Al termine della seconda guerra mondiale, come sapete, Stalin a Yalta partecipò alla spartizione dei territori e zone di influenza. Da lì, ad esempio, inizia la storia del muro di Berlino; ma di contro inizia in Italia una storia poco conosciuta. Gli accordi che, infatti, per i territori germanici erano di tipo geografico, in Italia invece furono accordi di tipo politico e di influenza. La resistenza italiana, a differenza di quanto si crede, non era comunista. Quelle comunista era solo una piccola parte. Questa parte, quella di Luigi Longo, Togliatti e Pertini, si trovò in ombra e impaurita del non poter contare nulla al momento di una trattativa. Fu così che venne deciso il colpo di mano dell’omicidio di Benito Mussolini in una casa di Giulino di Mezzegra, poi camuffato dall’inscenare una finta fucilazione del suo cadavere, al fine di prendere la scena mediatica a Milano, e poi farla da padrone. In quel momento, per fare chiarezza, il PCI non aveva nessuna intenzione di liberarci dal fascismo. Lo scopo era quello di fare la rivoluzione in Italia e, per questo, con Mussolini ed il fascismo finiti, dal 45 al 48 nelle zone a influenza rossa avvennero carneficine poi raccontate da Giampaolo Pansa, che avevano come scopo l’uccidere tutte le persone che, una volta avviata la rivoluzione, si sarebbero opposte.

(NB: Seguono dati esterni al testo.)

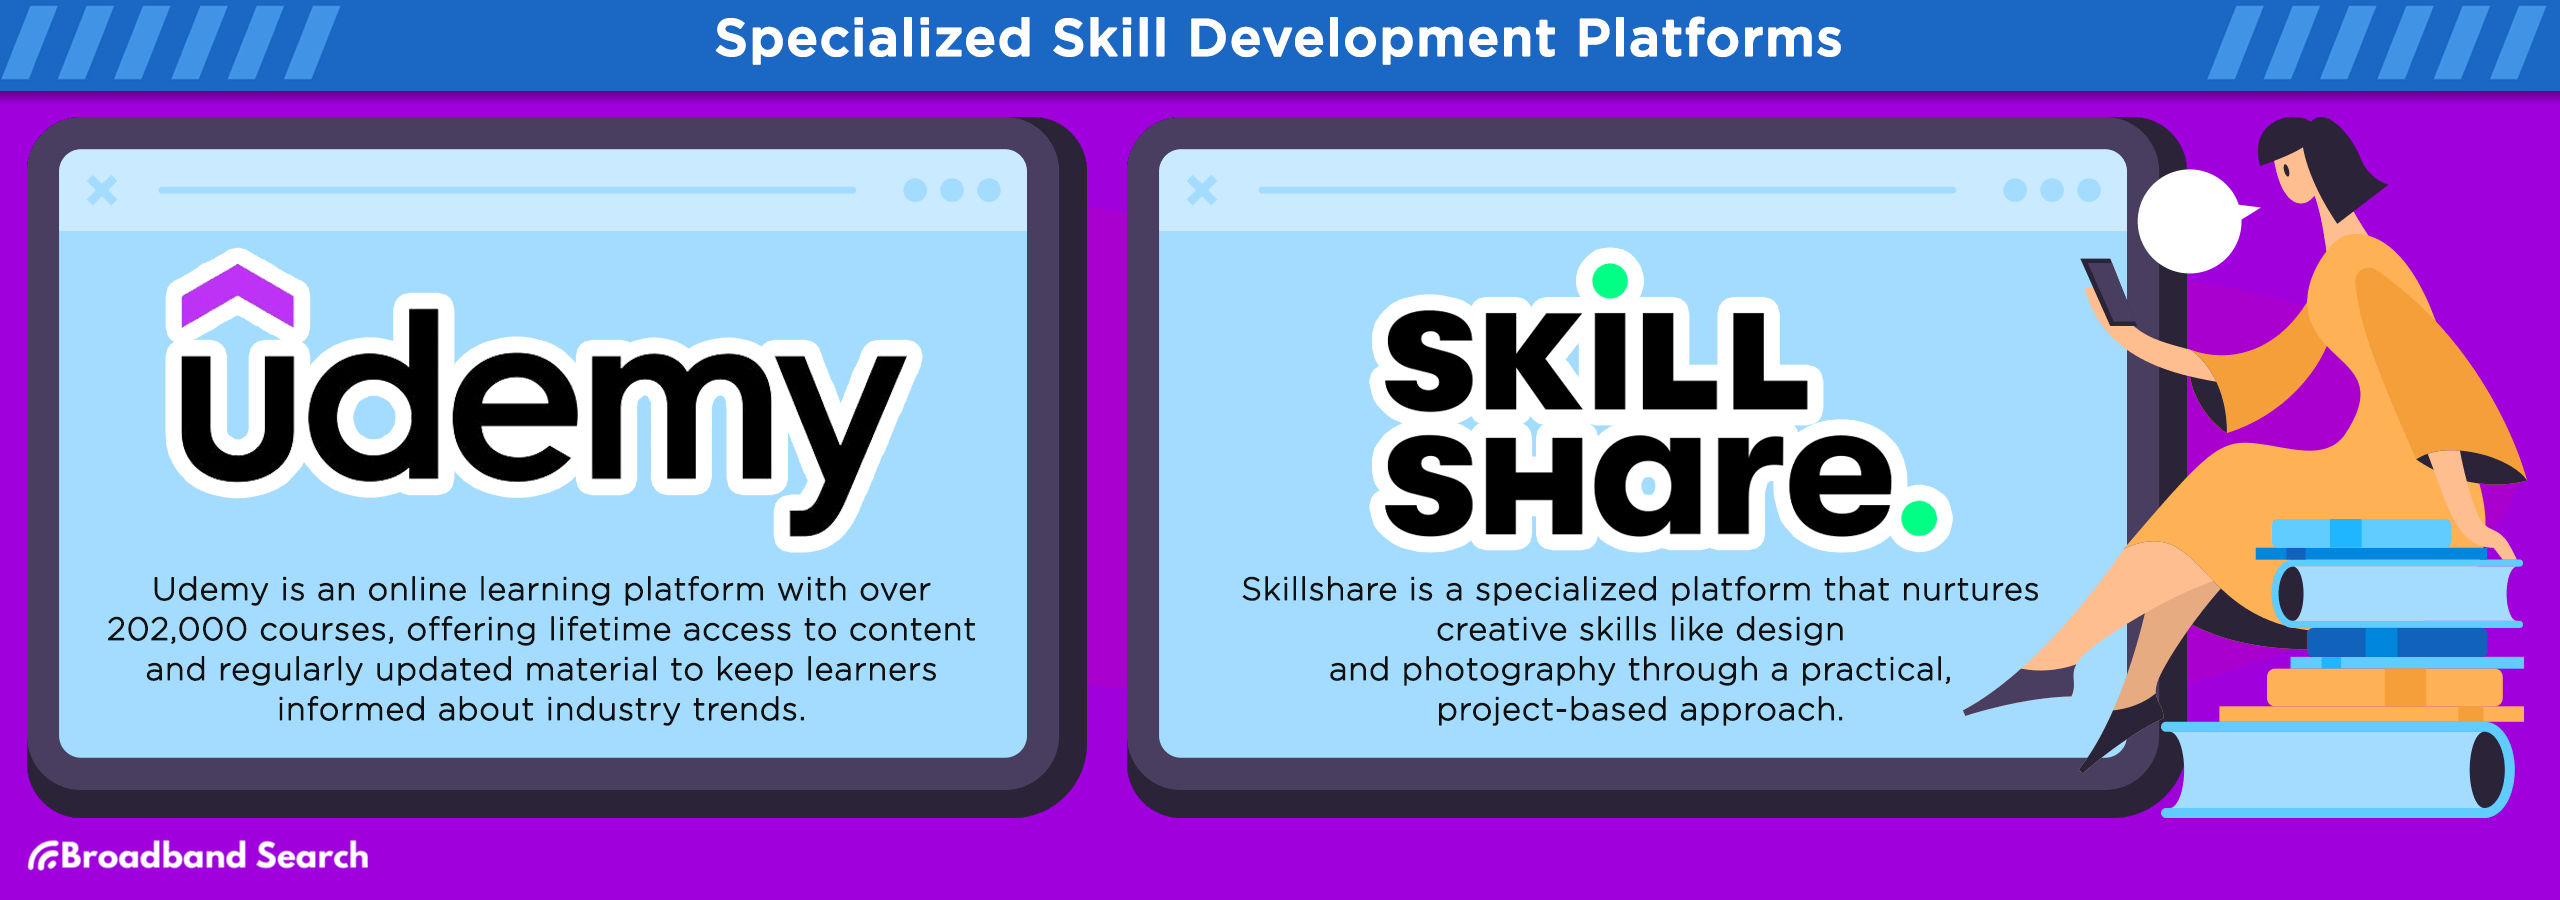 Specialized skill development platforms

In quel quadro, ma poco tempo prima, avviene in Sicilia il primo compromesso storico. In uno studio notarile di Caltanissetta nasce la Democrazia Cristiana. A differenza del nord Italia, infatti, ed anche del sud, la Sicilia non era sotto il controllo del Governo Badoglio ma dell’AMGOT, l’amministrazione americana, esattamente per come avvenuto a Trieste. In quel momento storico vi è la gestazione dello Statuto Speciale della Regione Siciliana, che viene promulgato dal Re ancora non in esilio (il referensum non era ancora stato fatto), e che vide la luce prima della Costituzione della Repubblica Italiana. Stalin invia a Palermo un suo uomo di fiducia a pattuire posizionamento ed è la stessa cosa che, successivamente, verrà fatta a Roma.

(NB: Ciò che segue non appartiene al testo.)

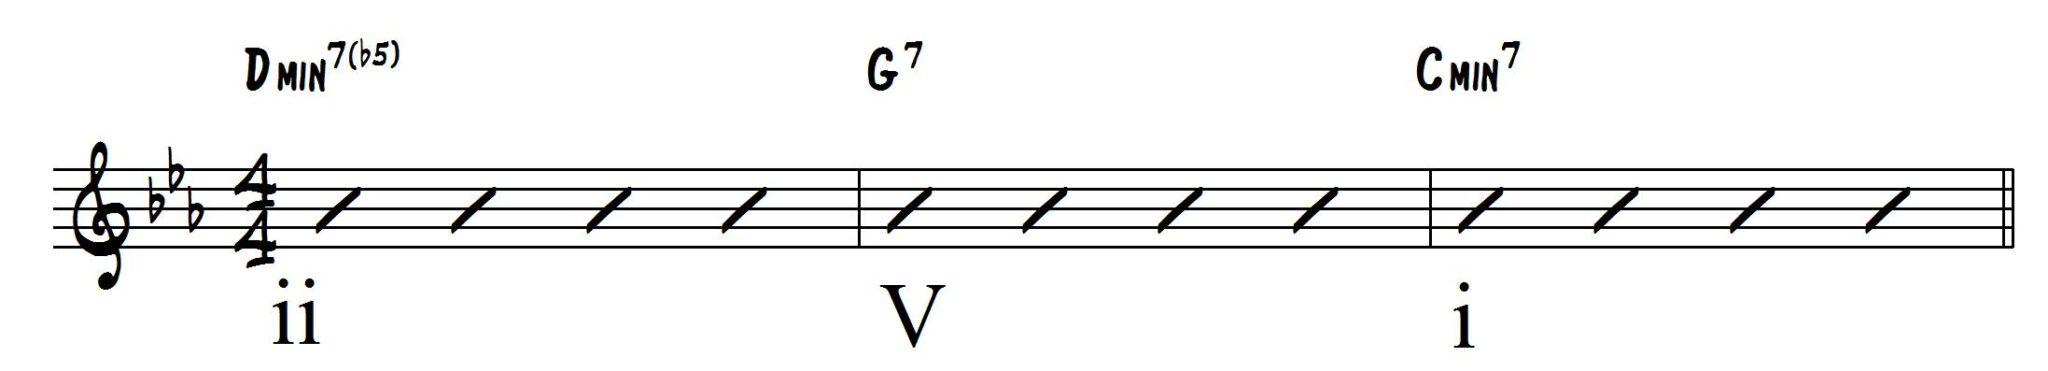 Minor ii-V-i Jazz Chord Progression

Palmiro Togliatti, in conseguenza alla svolta della frangia comunista della resistenza, pretende e ottiene il ruolo di ministro della giustizia. Da quella posizione parte tutta una serie di attività che, non solo nel campo della giustizia, porterenno alla straordinanaria storia del controllo di ampie fette della società civile da parte del PCI. L’operazione non fu un caso. Antonio Gramsci, nei quadreni del carcere, prescrive infatti cosa andava fatto per prendere il potere in Italia. Paese a maggioranza democratico-cristiana, era impossibile prendere il potere per via elettorale. Bisognava quindi, egli scrive, “conquistare le casematte del potere“. La scuola, l’università, i sindacati, la magistratura, ecc ecc. Controllando questi settori dela società civile, infatti, anche perdendo le elezioni si possono attuare forme di “guerriglia” nell’ombra, coi colletti bianchi, i funzionari, i propri uomini di riferimento, annullando gli esiti elettorali e gestendo il potere attraverso altre vie. Un esempio su tutti? Berlsconi nel 94 vince le elezioni. Dopo 8 mesi con un avviso di garanzia gli viene fatto cadere il governo. Poi verrà assolto, ma ormai la storia politica del Pese era cambiata, anullando gli esisti di una elezione politica.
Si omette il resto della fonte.